Продолжался их спор уже без меня. Но я смекнул, что Венсосиль желает вернуться в Данию, считая, что пожизненная тюрьма ему не грозит, а мой господин, утверждая обратное, больше всего боится, что, оказавшись там, пастор выльет на него целые ушаты обвинений.

В полночь, когда команда отправилась на ночлег и шум в доме утих, я прилег и, засыпая, видел, как хозяин отстегнул свою шпагу и, встав у окна совсем один, осенил себя крестным знамением.


Утром, едва продрав глаза, я встретился взглядом с псом Лёвеунгом, который разлегся на господских сапогах, и услышал, что внизу уже опять разгорелась женская свара.

Они ругались подобным образом все то время, что мы провели в Любеке. Венсосиль покинул нас, как и говорил. Сеньор избегал показываться на люди, чтобы городские власти не узнали о нашем прибытии, поскольку опасался, что его могут задержать по пути в Росток, где его ждали друзья. Итак, ему приходилось сносить беспокойный нрав своих домашних, весьма сожалея об отсутствии Лонгомонтануса, чьего молчаливого терпения ему уже заметно не хватало.

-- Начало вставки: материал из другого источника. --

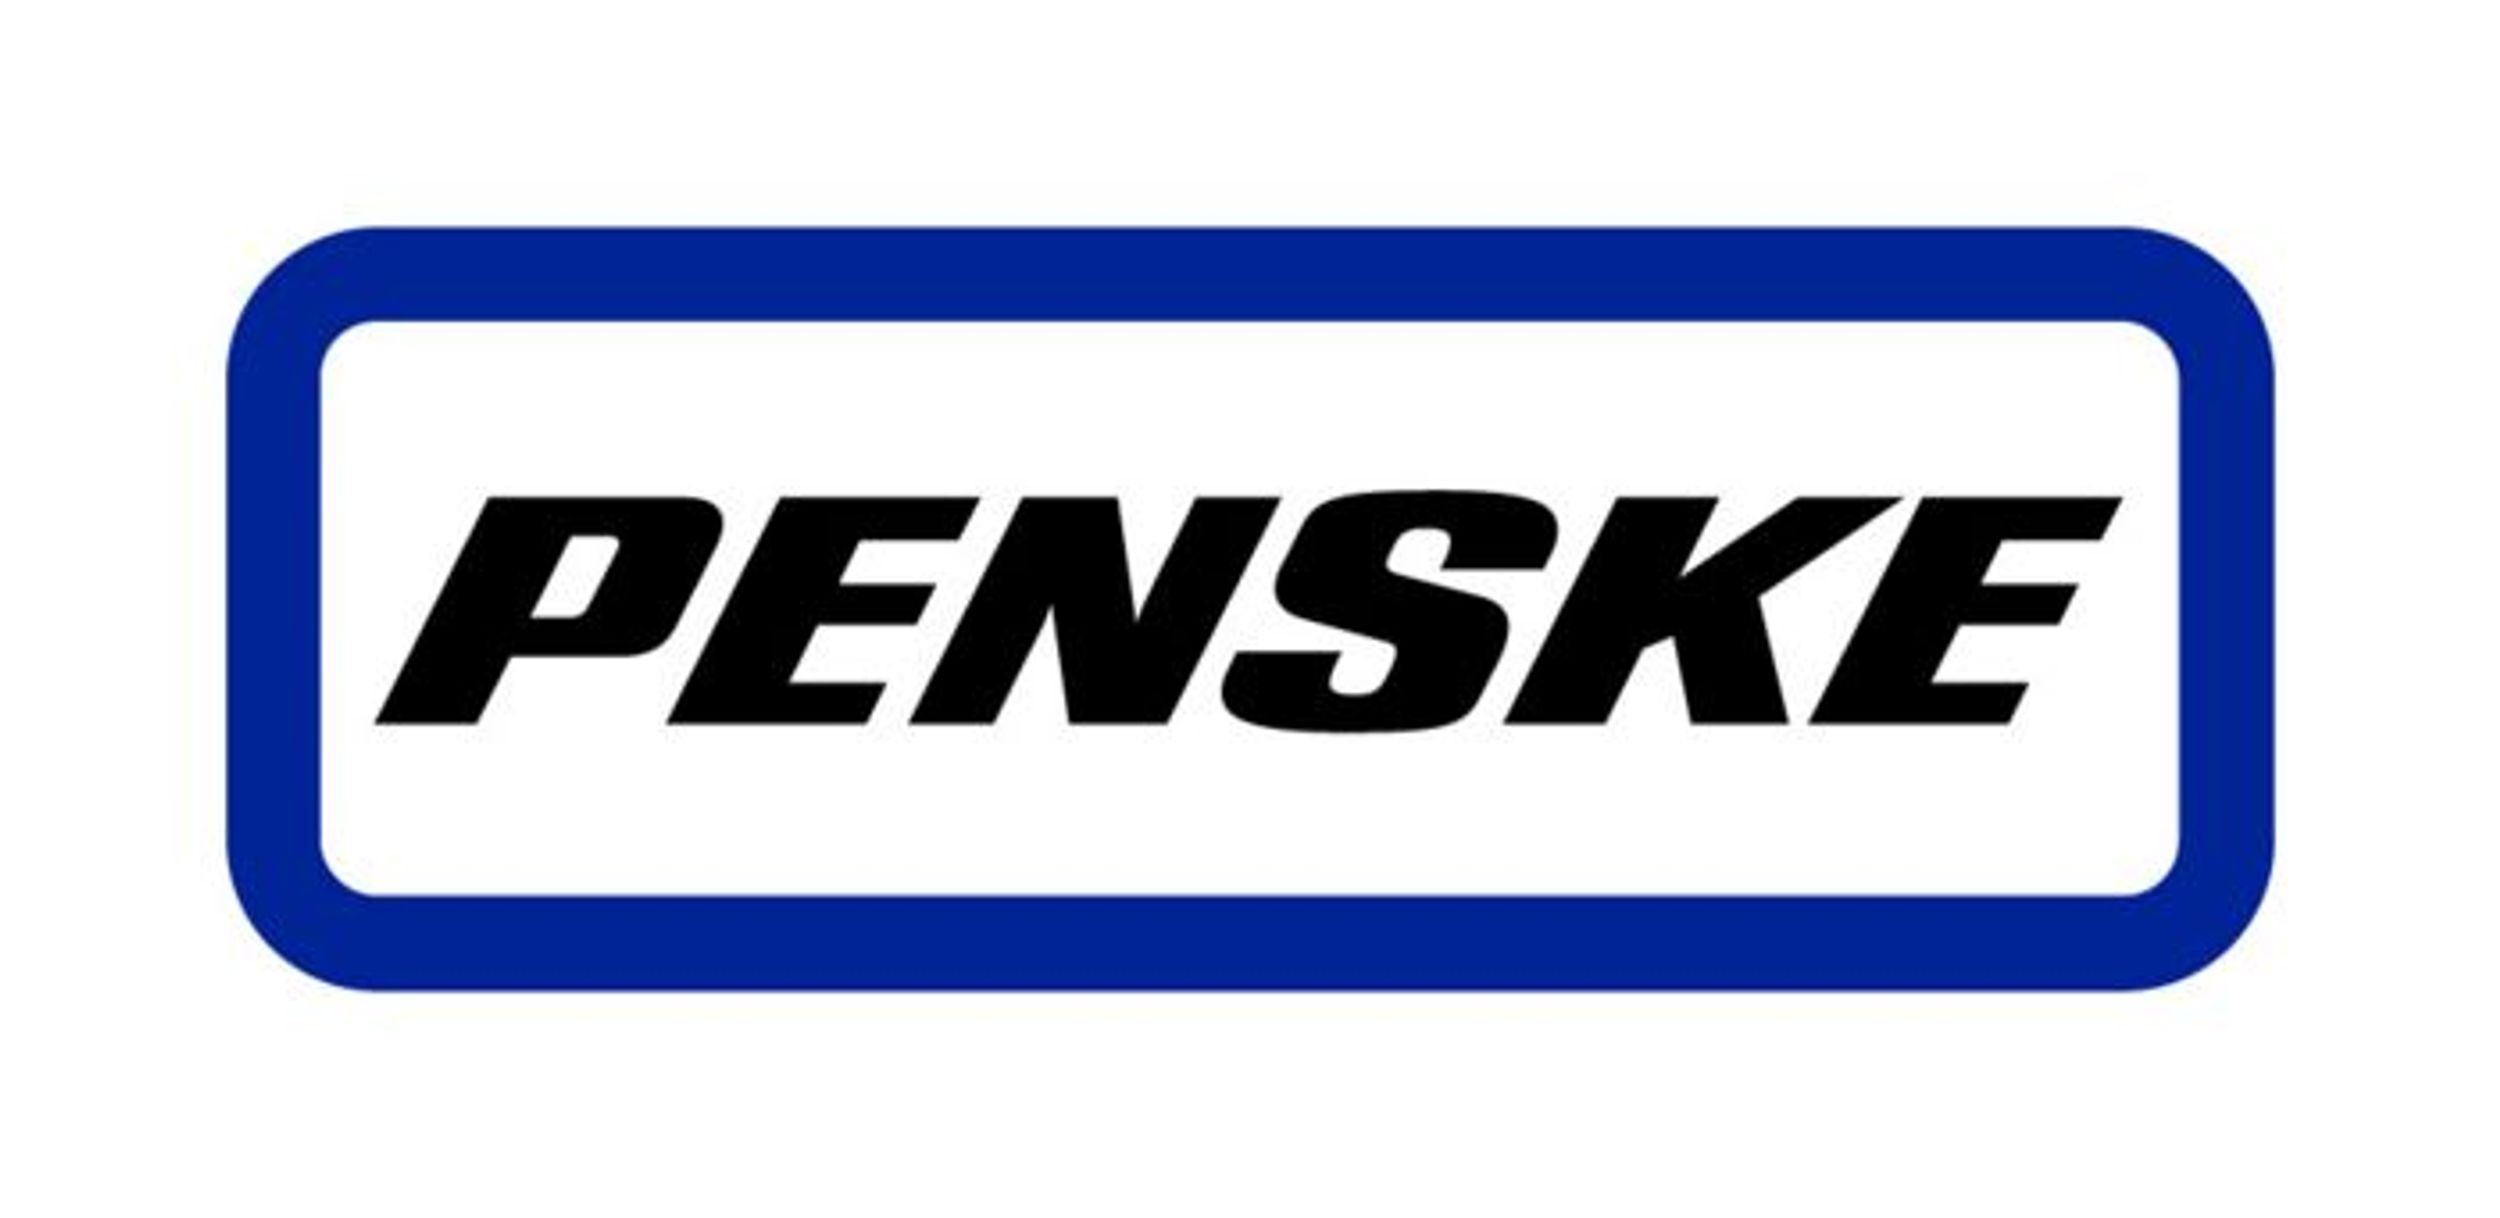 Penske Offering Latest Vehicles With Advanced Technology

В первый же день он послал нас с Хальдором за двумя ведерными бочонками белого уксуса, каковой мы нашли на рынке, на площади перед забавной церковью со стеной, в которой имелись два круглых отверстия диаметром фаунеров по десять, если не больше, сквозь них можно было созерцать небесную синь и пролетающих птиц.

Следующие дни Сеньор потратил на писание писем и прием докучных посетителей, любопытных к его славе и обстоятельствам изгнания, – все это были, как на подбор, датчане. Посланец герцога Ульриха Мекленбургского явился, дабы от имени своего господина выразить сожаление, что препятствия вынуждают знаменитого Тихо Браге отсрочить свой визит к нему. «Мы попросим Хритэуса и Бакмейстера отобедать с нами на пиру в честь долгожданного посетителя, как только он прибудет», – прибавил посланец, имея в виду ученых, знакомых Сеньору с юных лет, проведенных в этом городе. В своем ответе мой господин щедро расточал любезности, адресованные не столько герцогу Meкленбургскому, сколько деду датского монарха.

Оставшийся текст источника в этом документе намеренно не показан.